RECORDED INFORMATION
[Start of section]

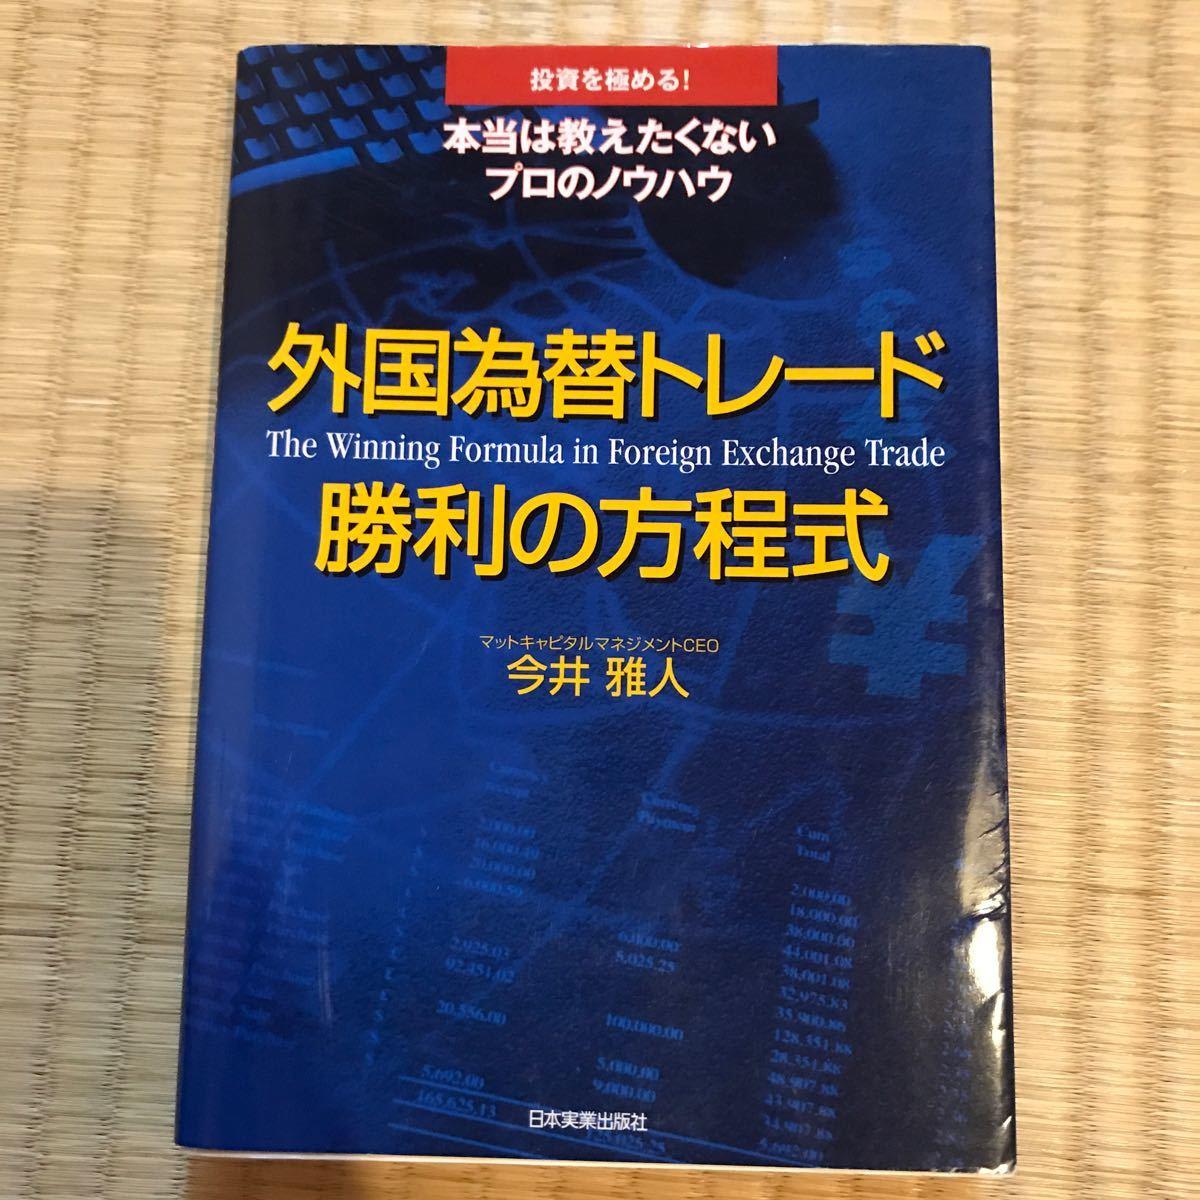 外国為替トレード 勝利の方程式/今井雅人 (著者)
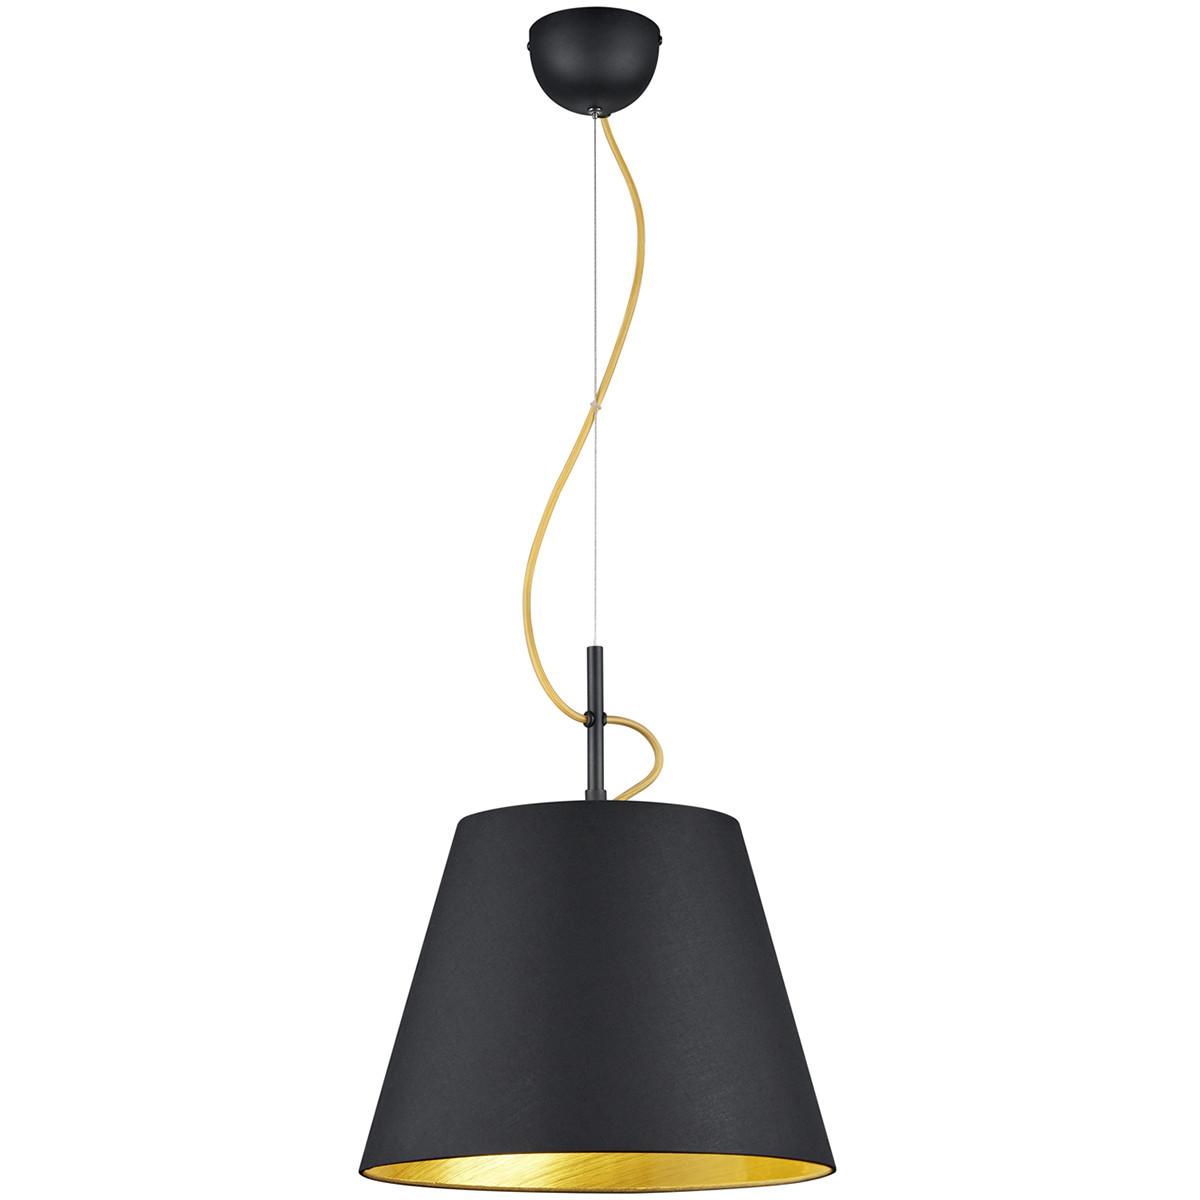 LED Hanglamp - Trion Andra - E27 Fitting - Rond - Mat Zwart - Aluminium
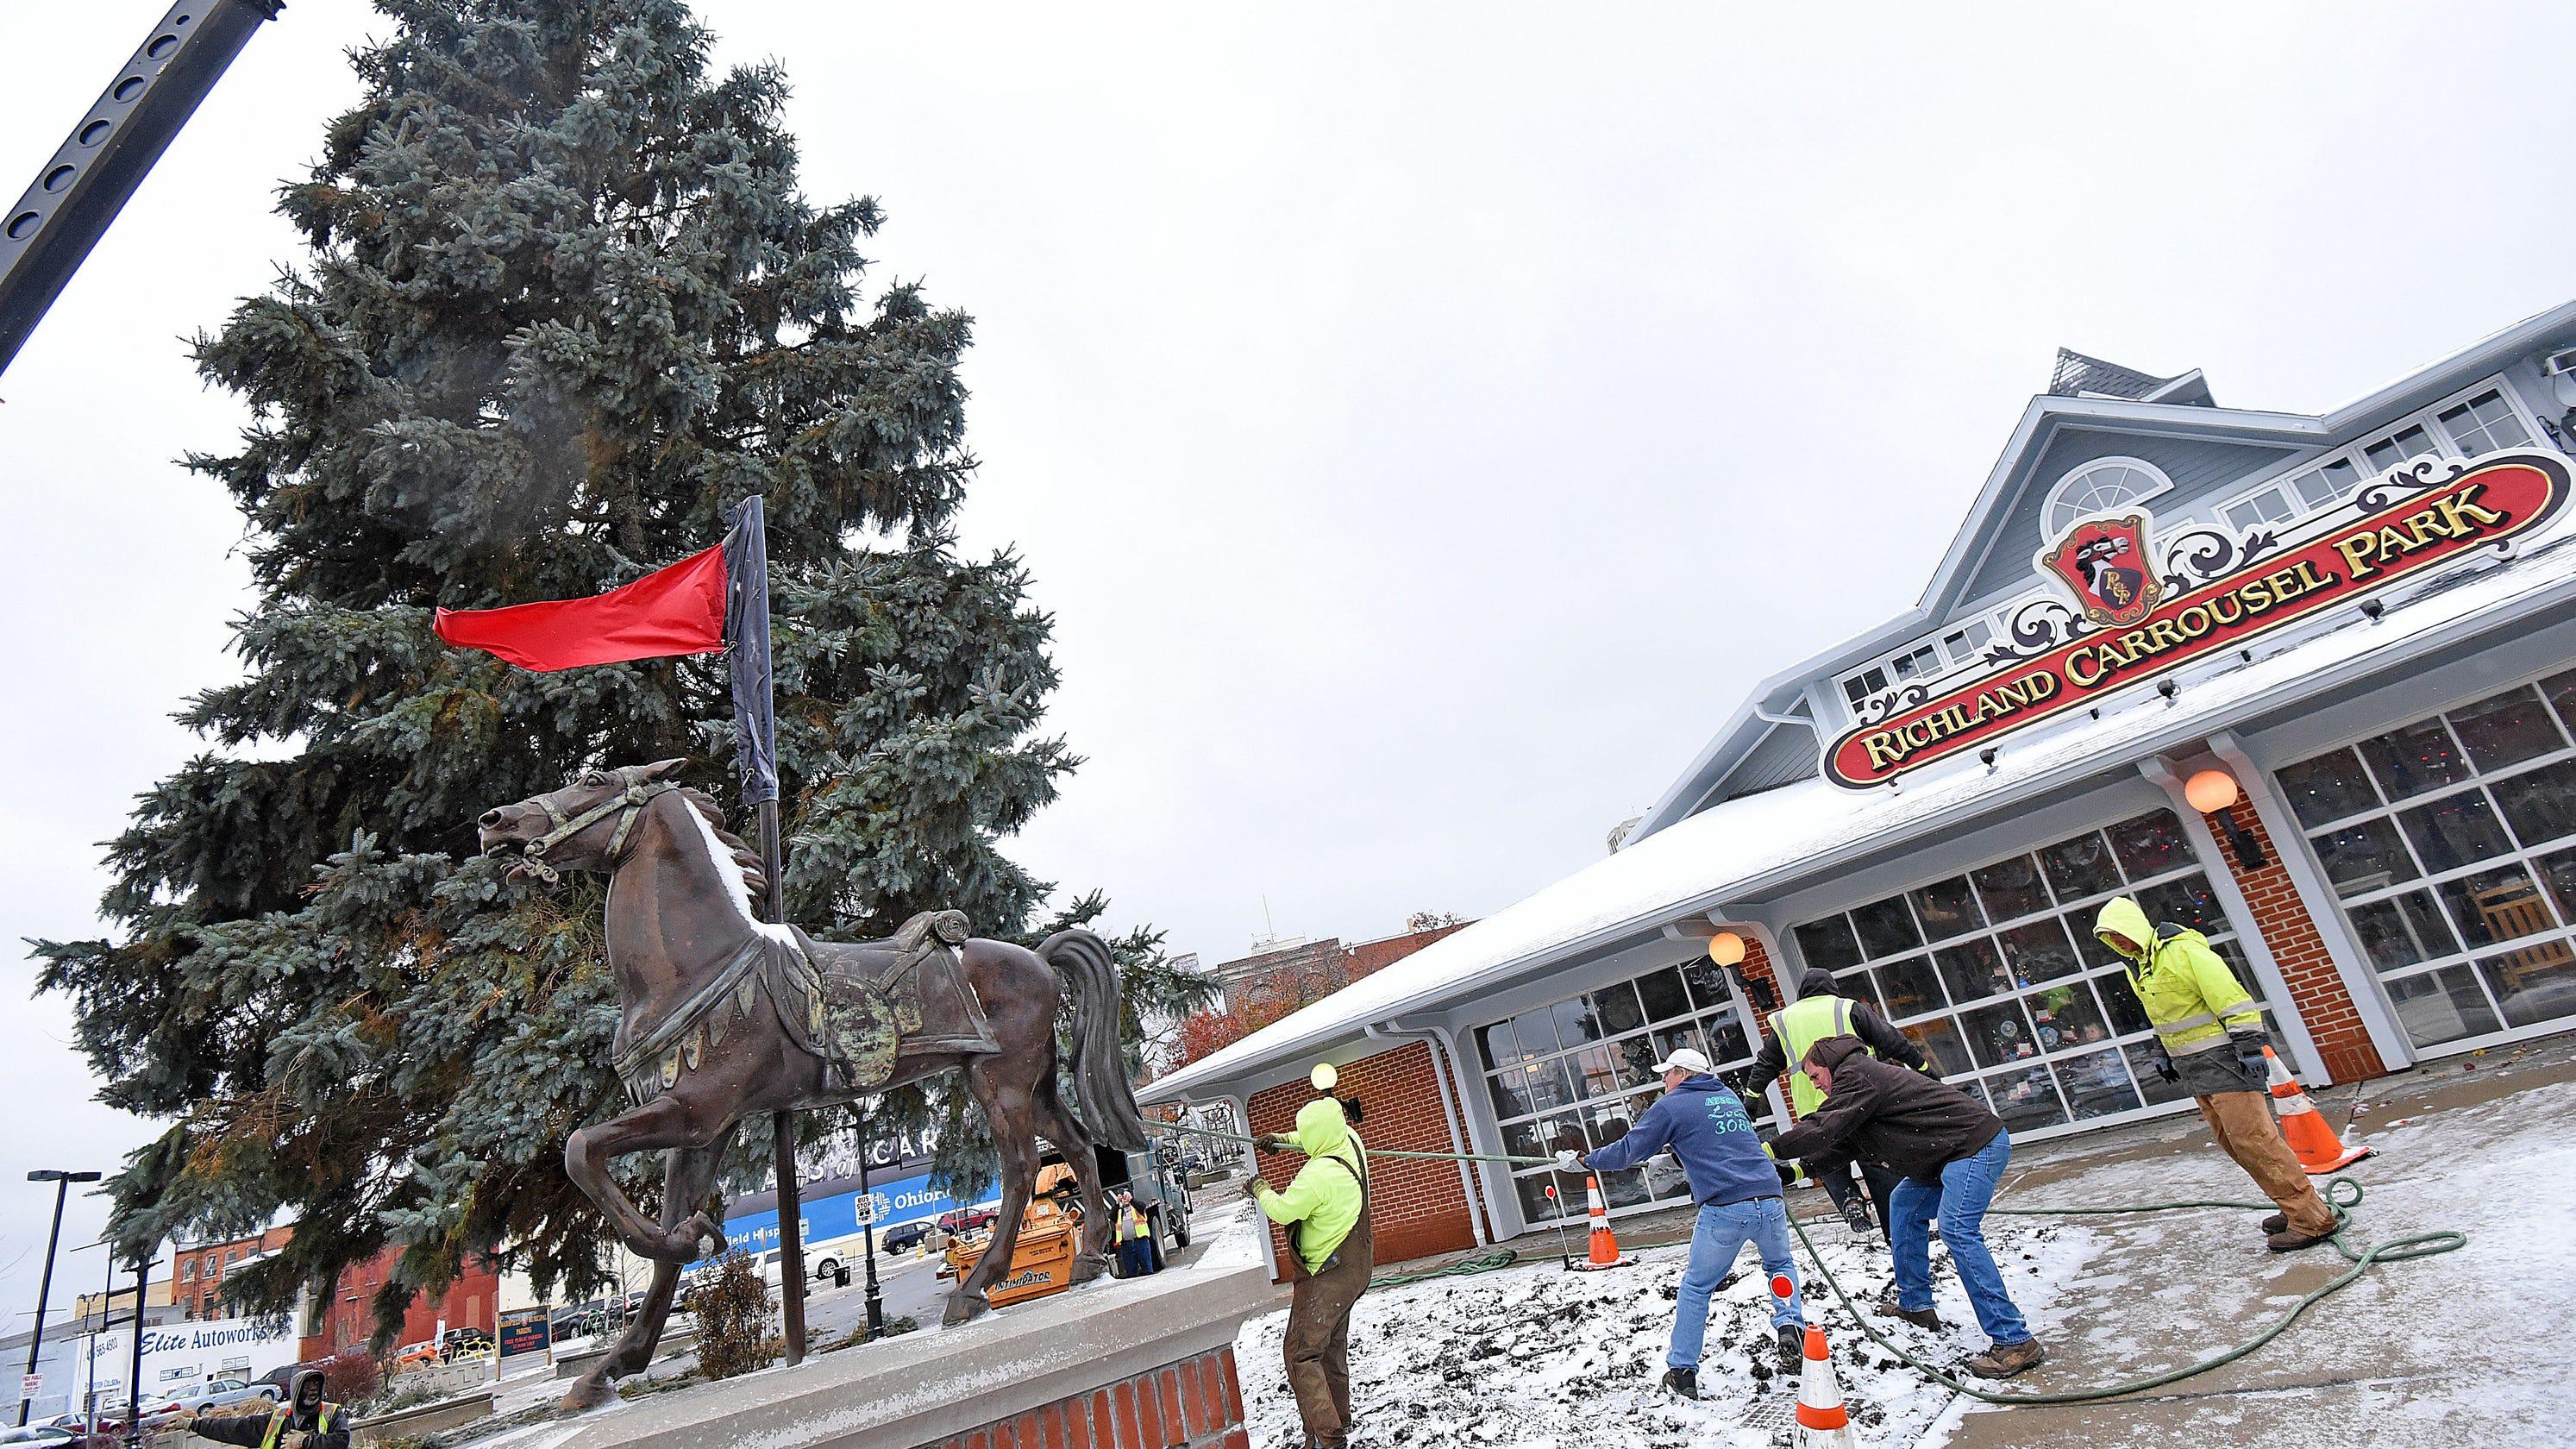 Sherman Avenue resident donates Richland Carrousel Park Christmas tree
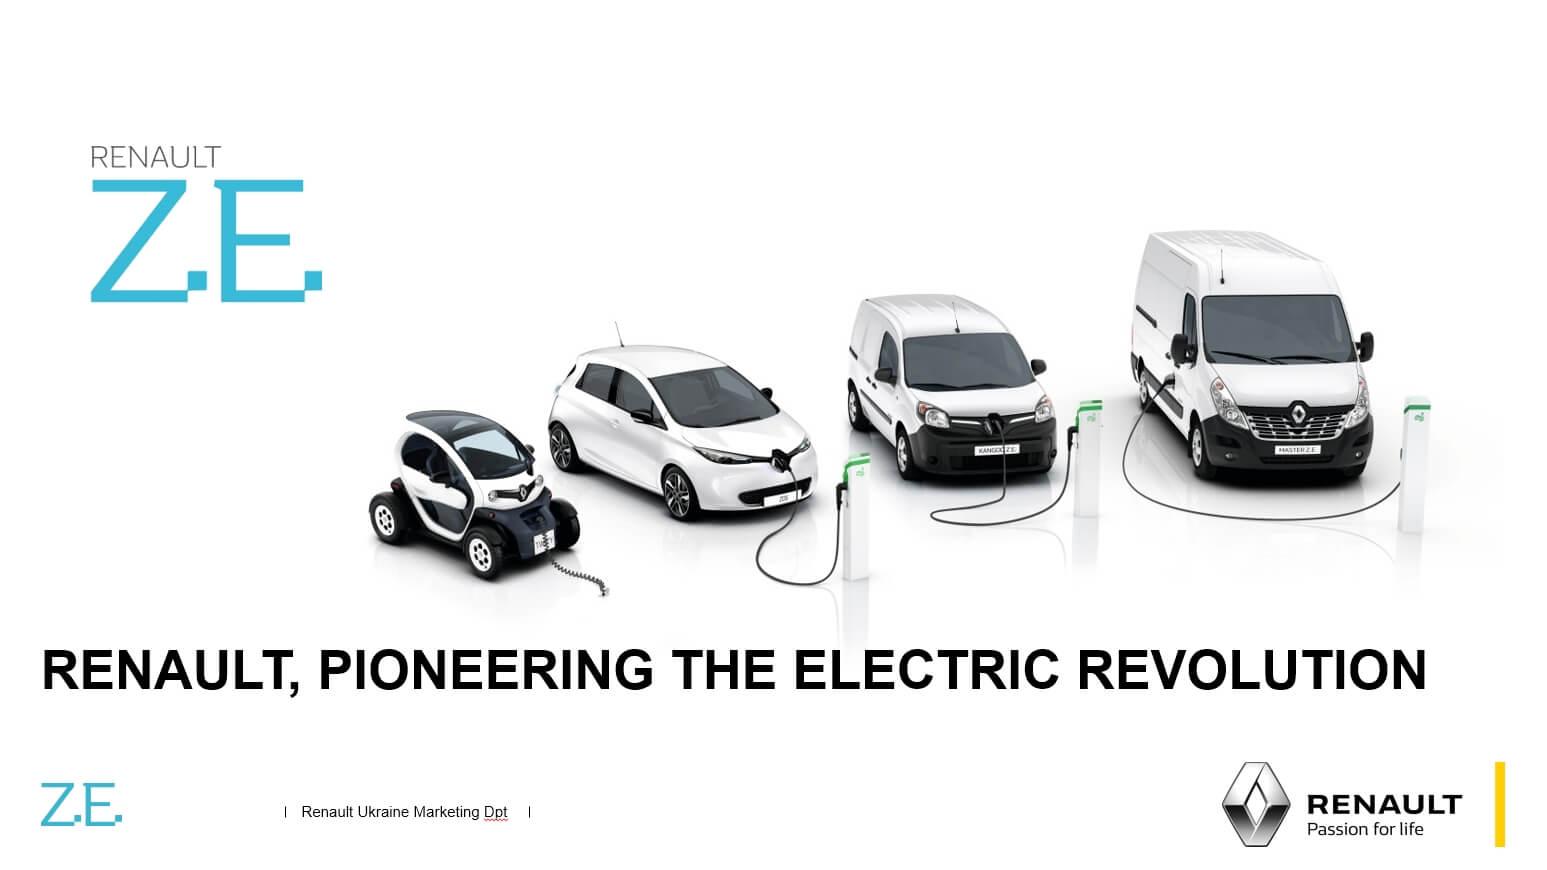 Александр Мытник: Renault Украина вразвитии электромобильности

[End of section]

ASSIGNMENT
Nothing should be printed except the lines from the one with "LED Hanglamp - Trion" through the last line of the listing above, both ends included; please drop the pictures.

FINISHED EXERCISE
 LED Hanglamp - Trion Andra - E27 Fitting - Rond - Mat Zwart - Aluminium
 Sherman Avenue resident donates Richland Carrousel Park Christmas tree
 Александр Мытник: Renault Украина вразвитии электромобильности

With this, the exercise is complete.